In early August 2012, a book I wrote called Imagine was taken out of print and pulled from stores. This happened because I made several serious mistakes in the text. The worst of these mistakes involved fabricated quotes from Bob Dylan. In addition, there were passages where I relied on secondary sources that were not cited.In the months that followed, other mistakes and failures came to light. In one instance, I plagiarized from another writer on my blog. My second book, How We Decide, was later taken out of print due to factual errors and improper citation.I broke the most basic rules of my profession. I am ashamed of what I’ve done. I will regret it for the rest of my life.To prevent these mistakes from happening again, I have followed a simple procedure in this book. All quotes and relevant text have been sent to subjects for their approval. This also applies to the research I describe: whenever possible, my writing has been sent to the scientists to ensure accuracy. In addition, the book has been independently fact-checked.
Sure, the phrasing can be passive and distant at times: the transgressions “involved” fabricated quotes; secondary sources “were not cited.” The recurring use of the word “mistake” can imply an almost inadvertent nature to what Lehrer did — we all make “mistakes,” after all! — and the final paragraph treats Lehrer’s actions as though the fundamental problem is less moral than procedural. Even so, Lehrer’s concise third paragraph is about as blunt and straightforward as you can get.
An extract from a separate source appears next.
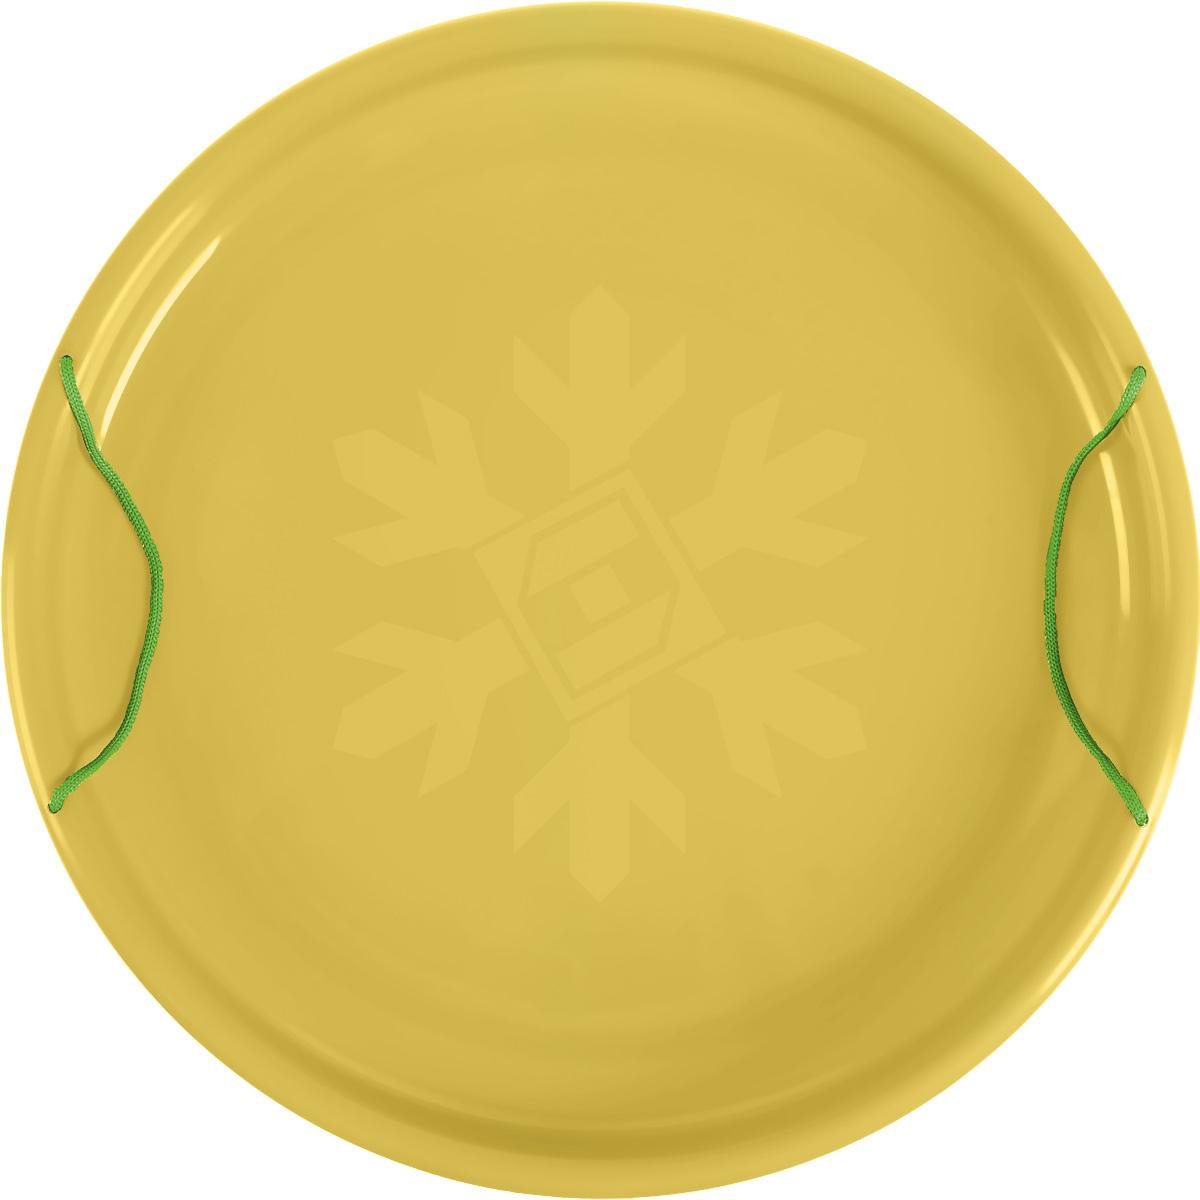 """Фото Санки-ледянки Престиж """"Экстрим"""", цвет: желтый, диаметр 53 см. Купить  в РФ"""

This note is an improvement over Lehrer’s 2013 Knight Foundation speech, in which he applied classic Jonah Lehrer formulations to his own misdeeds, investigating “the neuroscience of broken trust” to explain what he had done. (A $20,000 speaking fee didn’t help the rehabilitation effort, either.) His interview in Jon Ronson’s 2015 book, “So You’ve Been Publicly Shamed,” gave a better sense of his frame of mind. “I’m just drenched in shame and regret,” Lehrer tells Ronson. “The shaming process is f—ing brutal.”
This new book is not Lehrer’s first post-scandal foray into publishing. Late last year, he was featured as a collaborator on a book titled “The Smarter Screen: Surprising Ways to Influence and Improve Online Behavior,” by UCLA behavioral economist Shlomo Benartzi. (Lehrer, whose author bios are usually effusive, was identified only as “a science writer living in Los Angeles.”)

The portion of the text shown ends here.